January: If it wasn't for her hair you'd lose her in the snow.13. Red hair and blue eyes is the rarest coloring combination in the world. We're a dating site for red heads and we want to help ginger people and those who like ginger people find dates.Gingers get a bad rap, but here's why you need to snag one ASAP.Admit it: When you think of gingers, you think of them as being pale and freckle-faced goofballs. So much so that there's been talks of whether 'gingerism' is as bad a racism. Photographer Thomas Knights released an entire exhibition in New York's BOSI Gallery trying to bring down stereotypes of ginger men and promote their eternal hotness. All those years of playground torture have molded them into the hardy, self-confident MEN they are now. It’s not because he was rich, and it certainly wasn’t ‘cuz he was good looking; t'was his magical ginger locks that gave him an edge that other men just can't replicate, and no self-respecting woman can resist. Here’s 21 reasons red-headed guys are actually ginger Gods amongst men.
But let me tell it to you straight: I think redheads (and the guys, in particular) get a bad rap.
British artist Thomas Knights is on a mission to prove that point in his RED HOT series, as he hopes to rebrand ginger men as sexy, confident and strong.
For his book, RED HOT 100, he photographed 100 very attractive (and shirtless!

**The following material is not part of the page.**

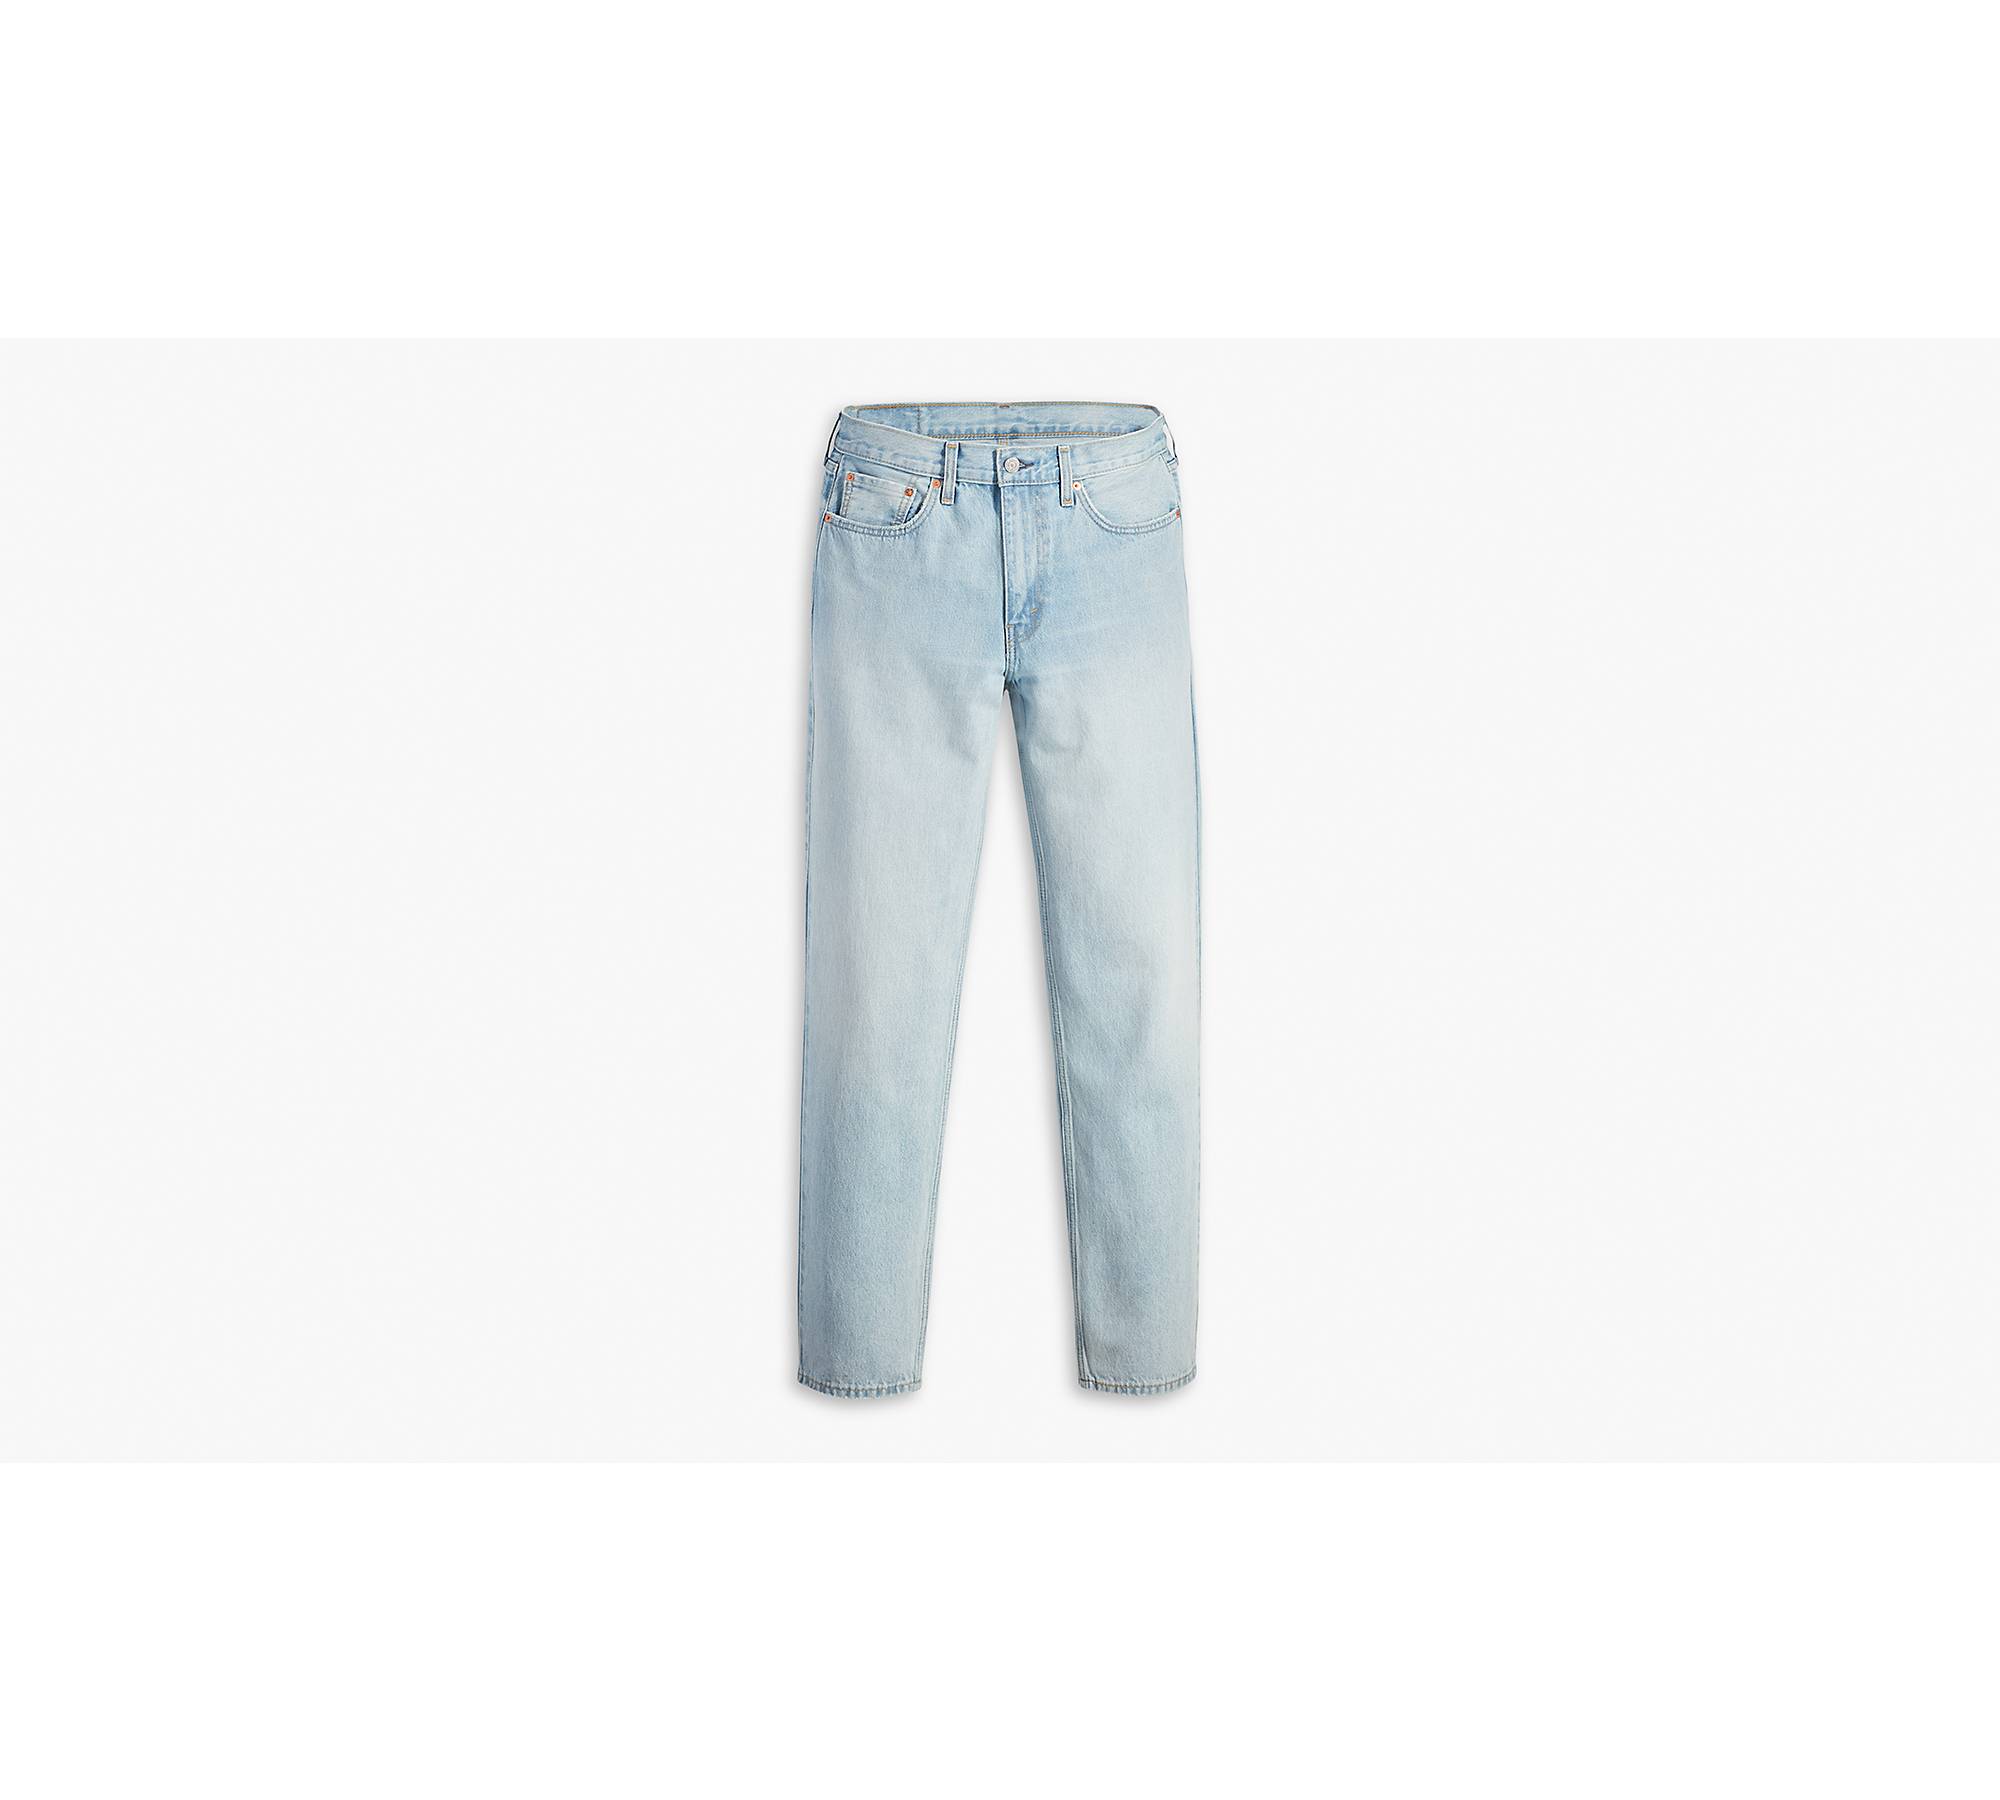 550™ Relaxed Fit Men's Jeans - Light Wash | Levi's® CA

Despite the fact that four per cent of the world’s population has a ginger tinge to their barnet, it’s still considered fine to generalise all flame-locked men as pale, freckly and, don’t shoot the messenger … So keep the ‘carrot top’ jokes to yourself – there are plenty of reasons to fall for a redhead, and no, it’s got nothing to do with seeing in the dark. They are a rare species Redheads stand out as being original and exotic. And of course, there’s Prince Harry – Royal redheadedness at its finest. They’re determined and fiery Which, to a filthy mind such as mine, means one thing – plenty of shagging. Meaning that, when they write on their online dating profile that they are ‘sensitive’ they genuinely are – spiritual contemplation, poetry, deep and meaningfuls. Red pubes I say, what fun – sex has never been so colourful. They’re at it like rabbits Keep your carrot top jokes to yourself.

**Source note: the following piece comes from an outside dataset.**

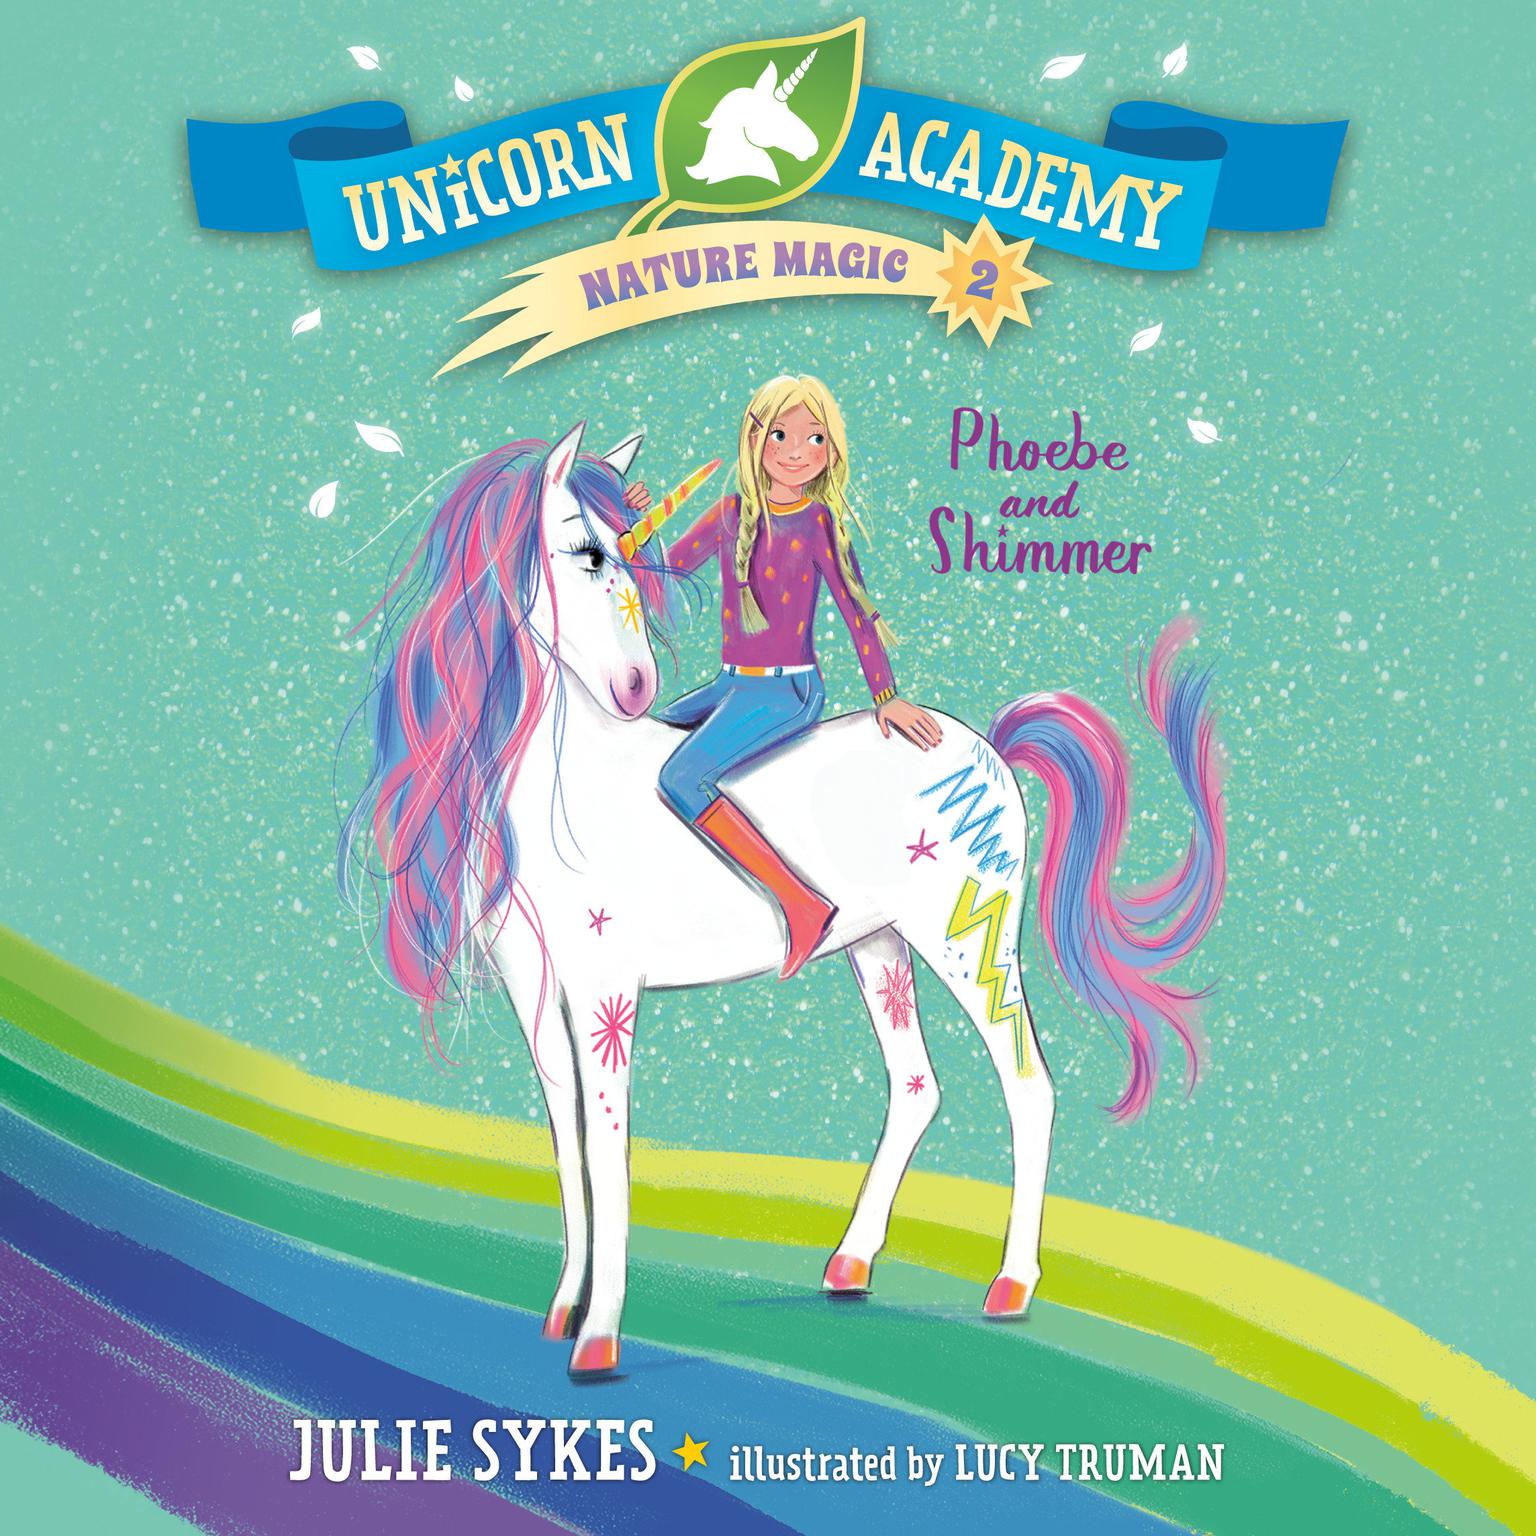 Unicorn Academy Nature Magic #2: Phoebe and Shimmer Audiobook, by Julie Sykes

Why have a pigeon when you could have a peacock – or why have David Gandy when you could have Ed Sheeran – hmm, ok, perhaps not, but you get the point. They stand out Life is too short to blend into the crowd. They’ll never look like a handbag No sunbed sessions, fake tan or fighting over the factor 4. According to the University of Hamburg, people with red hair are getting it on more than everyone else.
I'm not exactly looking forward to the "carrot top" cracks, or the digs about my fiance and I having our own Weasley family.